Expectation of an exponentiated sum of normals

eiriamjh · December 11th, 2003, 5:51 pm

I bet this will sound trivial to most people here, but I am trying to compute E( exp(aX + bY) ), where (X, Y) has a bivariate standard normal distribution with correlation rho.I laid down the integral and naively tried to do an affine change of variables, but all I got was a headache... Please help!Thanks in advance for replies,e.PS: and in the first place, isn't it the case that aX + bY should follow a normal distribution with mean 0 and variance a^2 + 2abrho + b^2?
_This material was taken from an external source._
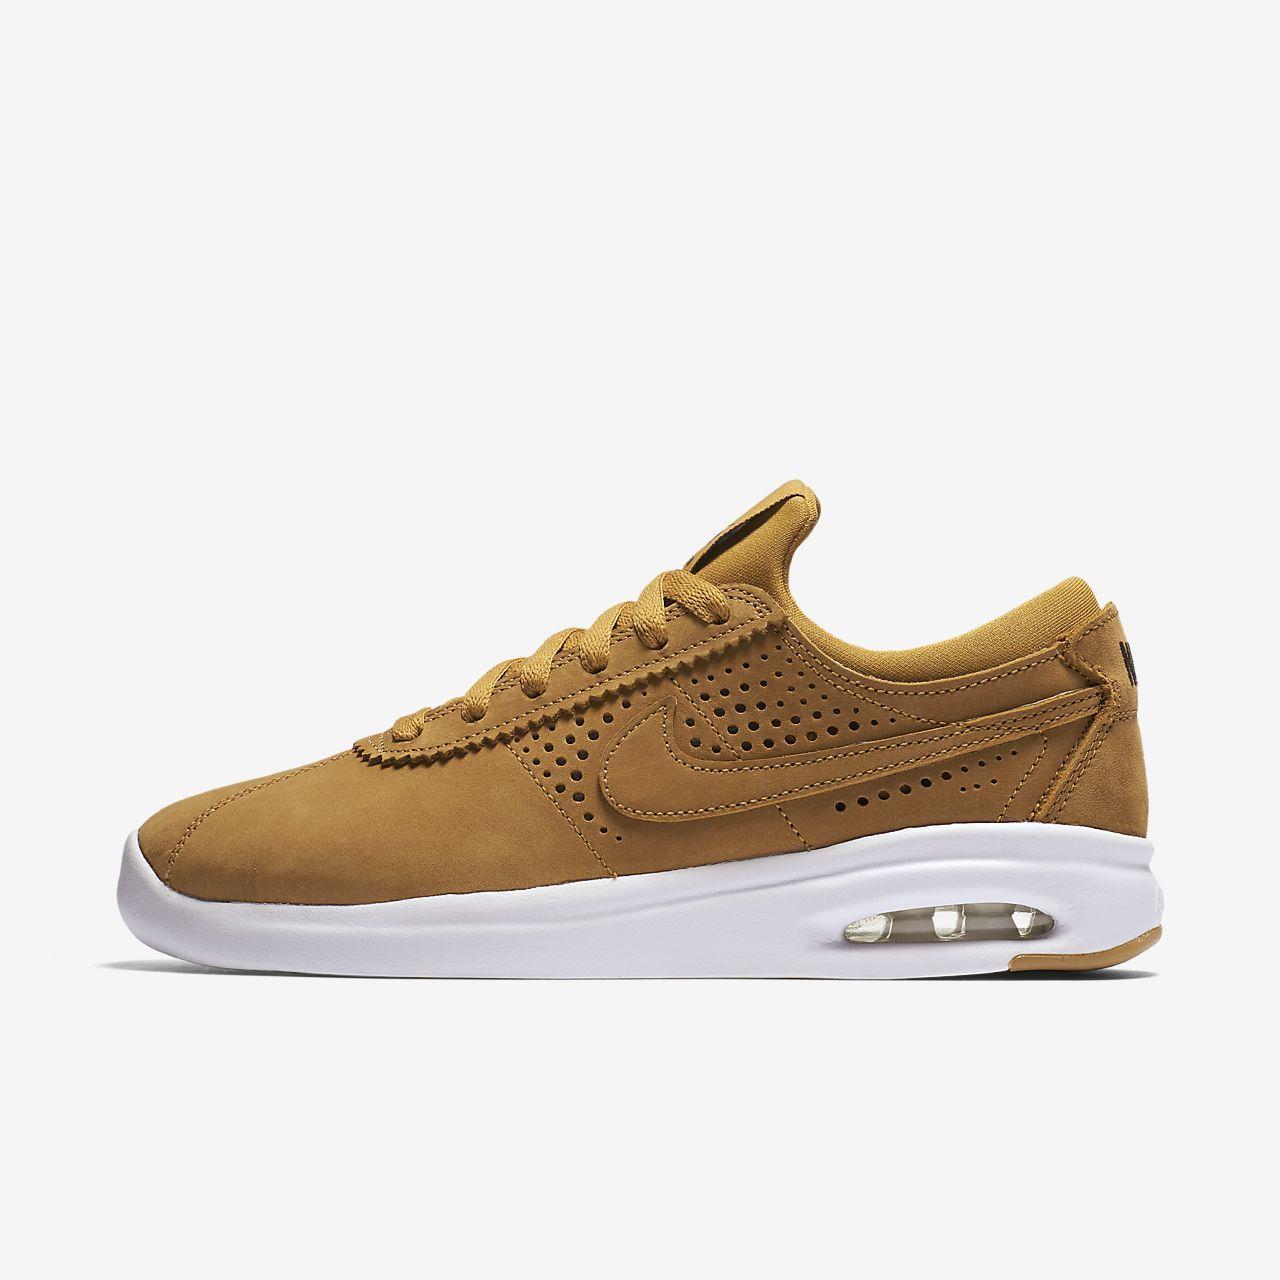 huge discount 86d76 cd634 Nike SB Air Max Bruin Vapor Premium Older Kids  Skateboarding Shoe
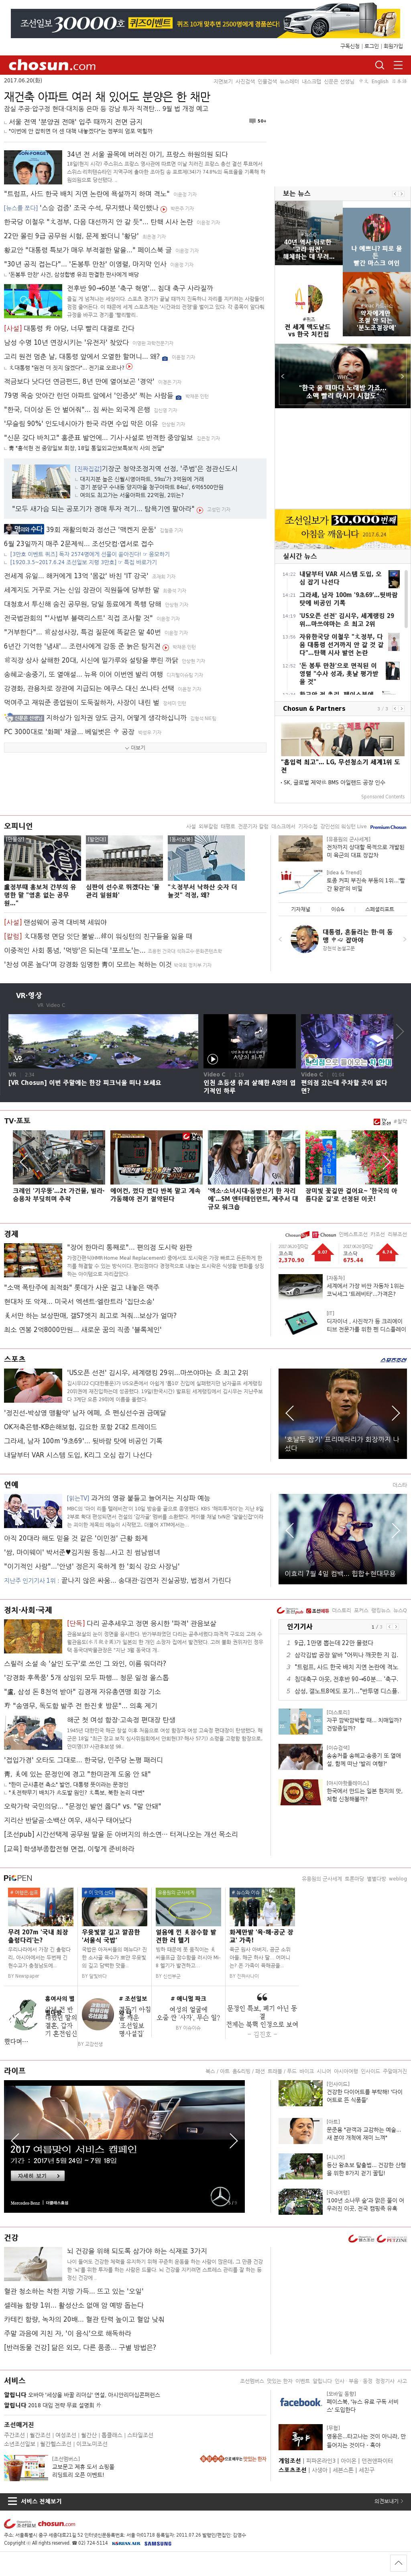 chosun.com at Monday June 19, 2017, 4:03 p.m. UTC

kr · December 11th, 2003, 6:16 pm

do the one-var case first to see what the game ise^ax e^(-x^2/2) = e^(-1/2 . (x^2 - 2a + a^2 - a^2)) = e^(a^2/2) . e^(-1/2 . (x - a)^2)and since the integral is over all x's, you can dump the variable shift.

eiriamjh · December 11th, 2003, 6:27 pm

krthe one-variable case is indeed trivialsince you are so good in probability, I am convinced it will only take you a minute before you find the answer for the two-variable case... many thanks in advance for your next replye.

Yeren · December 11th, 2003, 6:35 pm

Or in a different way:Take two correlated BM B(t) and W(t) such thatdB(t) . dW(t) = rhoand conside the process:f(B, W) = exp( a*B(t) + b*W(t) )N apply the Ito's lemma and then take expectation on df(B, W), you will getE( exp(a*B(1) + b*W(1) )= exp[ (a^2 + 2 * rho * a * b + b^2 ) * t / 2 ]Please note that you can use this approach when the function a and b depend on the time t (but deterministic).Y.

kr · December 11th, 2003, 7:02 pm

ok, so no big deal in the multivariate caseyou have exp(L.x) . exp(-1/2 . (Mx) . (Mx)^t)where M is a matrix which generates the corrs and Lx is a linear form. M is orthonormal, so change vars so that you haveexp(L.M^(-1)x) . exp(-1/2 xx^t)and now that the thing is orthogonalized, you can complete the square one at a time (i.e. LM^(-1).x is still a linear form with coefficients which will turn into exp(a^2/2) factors as before

eiriamjh · December 12th, 2003, 8:52 am

Yeren, kr,Thanks for your replies.I like Yeren's trick better, but presumably kr's methodology yields the same resultswhich also answers my question: if (X,Y) is binormal, it is a gaussian vector (which I guess was kind of expected)... I presume the converse is not true, but I will leave this to you guys...txe.

Nonius · December 13th, 2003, 10:17 am

QuoteOriginally posted by: eiriamjhYeren, kr,Thanks for your replies.I like Yeren's trick better, but presumably kr's methodology yields the same resultswhich also answers my question: if (X,Y) is binormal, it is a gaussian vector (which I guess was kind of expected)... I presume the converse is not true, but I will leave this to you guys...txe.your problem has the same answer as the one dim because it really IS a one dim problem. you just need to compute the mean and variance of the linear combination and use it in the one dim formula.